Wow, bummer to hear of all the issues with the MM-4220. I had the MM-4210 and thought it was a great piece of gear, with none of the problems you're mentioning.
The 5ma phantom is pretty silly, but the overloading makes me wonder if there is problem with your particular unit or how it is being used.
To help track things down, can you give more info on your recording chain? Are you recording directly with the mm4220 using its internal CF recorder, or are you sending a signal to an external recorder? If the latter, what is the recorder and are you sending it an analog signal from the 4220's XLRs or are you sending a digital spdif signal?
I'm also confused by your description that the inputs of the MM4220 are clipping. First off, the 4220 is supposed to take a max input of +12dbu, which is a really hot signal. Second, if it is truly clipping on the inputs, changing the gain shouldn't have any effect on whether it clips or not.
A preamp or mixer like the 4220 can clip on either its inputs (meaning you are feeding it too hot of a signal) or it can clip on its outputs (meaning the input signal level is fine, but the mixer cannot output that hot of a signal after applying whatever internal gain you are using). If the clipping depends on the gain level, that sounds like output clipping to me, not input clipping.
Somewhat oddly, the 4220 is spec'd to accept a max signal of +12dbu (very hot for a mic, and pretty much impossible for a dynamic mic to clip -- you'd probably need sound levels in excess of 150db to accomplish this), and also is spec'd for a max output level of +12dbu.
It doesn't sound like you have an input clipping problem, but if you do, you definitely have a bad unit. If you are experiencing output clipping, can you tell what you are using for trim gain and master gain? You mention using the +48db base gain, but the 4220 adds onto that up to 12db of trim gain and up to 12db of master gain, for a maximum total of 72db of gain.
For the ensemble you're recording, it wouldn't surprise me at all if you a clipping the outputs if you are using +48db of base gain, plus 6-12db of trim gain, plus 6-12db of master gain. That could easily get above the max of +12dbu on the outputs, even using dynamic mics. For dynamic mics using the +48db setting, I don't think you'd want more than 3-6db of gain on each of the trim and master knobs. For condensers, I'd never set the base gain past the +24db setting.

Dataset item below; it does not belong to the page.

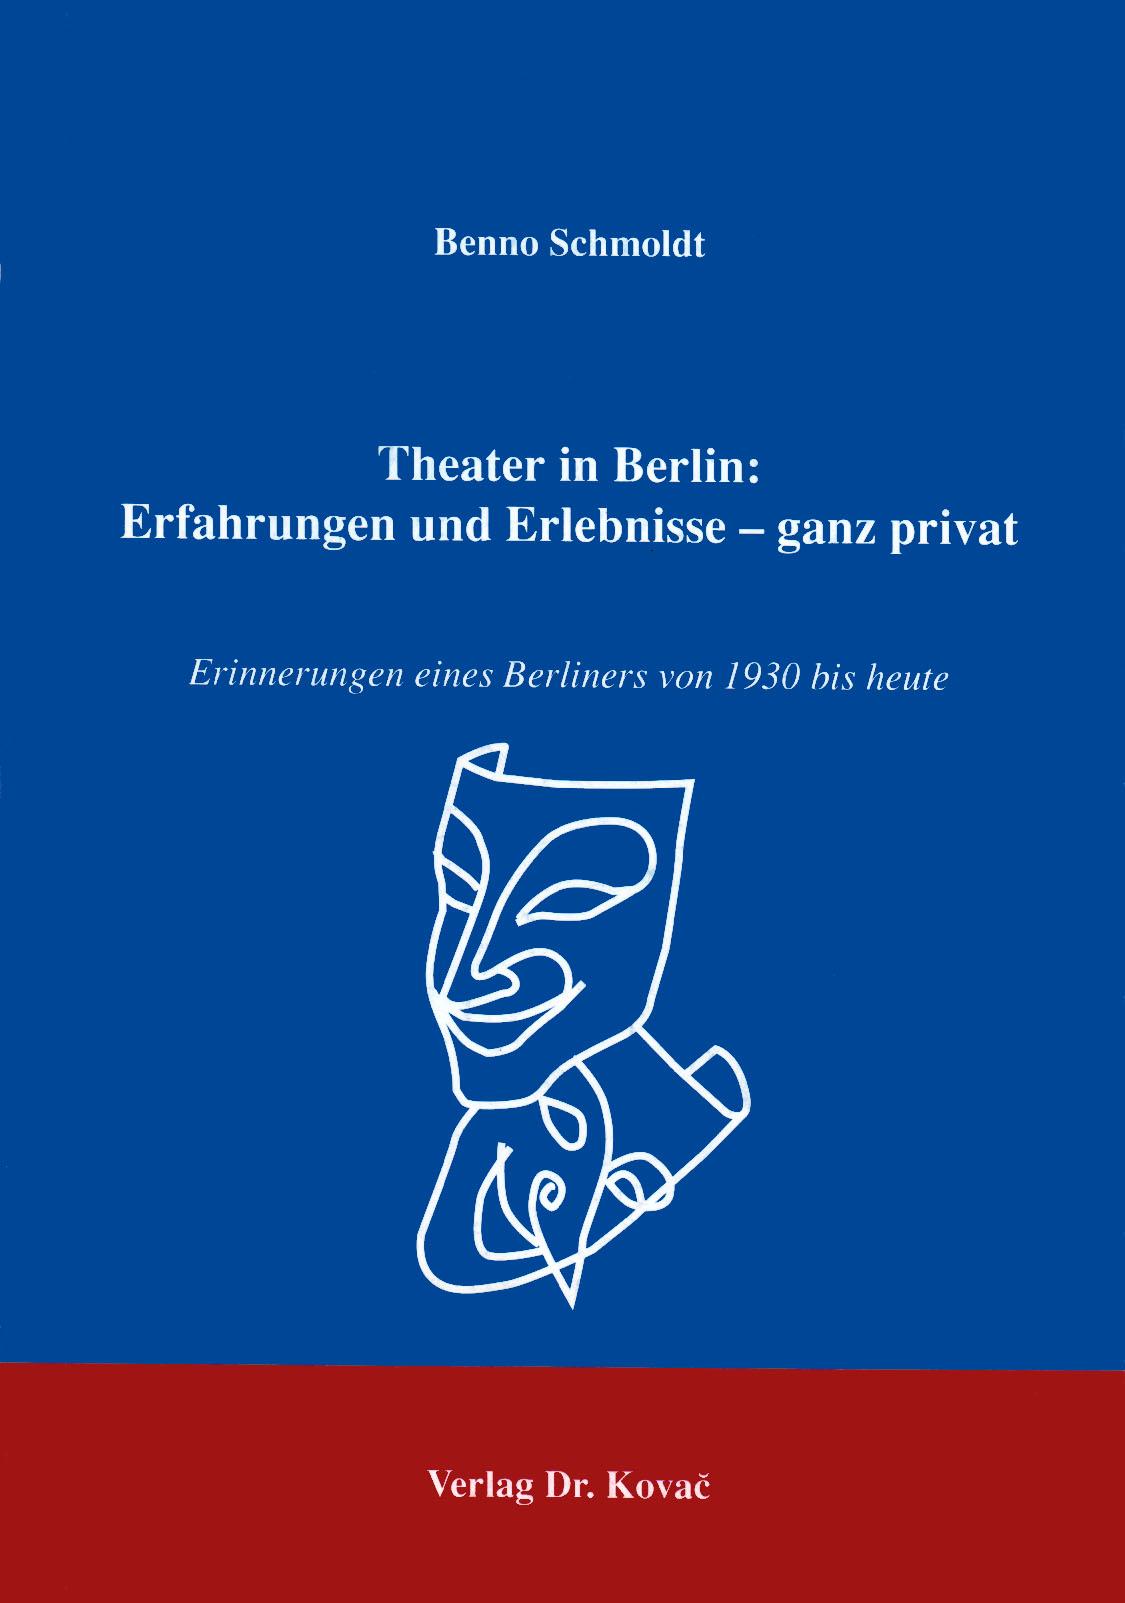 Cover: Theater in Berlin: Erfahrungen und Erlebnisse - ganz privat

I don't know if that helps or you tried all that, but I'd say that if you are having input clipping, you have a bum unit. And I wouldn't think you'd have output clipping if you keep the trim and master gain knobs at the +3db setting, but easily could if you go beyond +6db on those knobs if you're using the +48db setting.
Maybe that helps, but the 5ma max for phantom is still a pisser.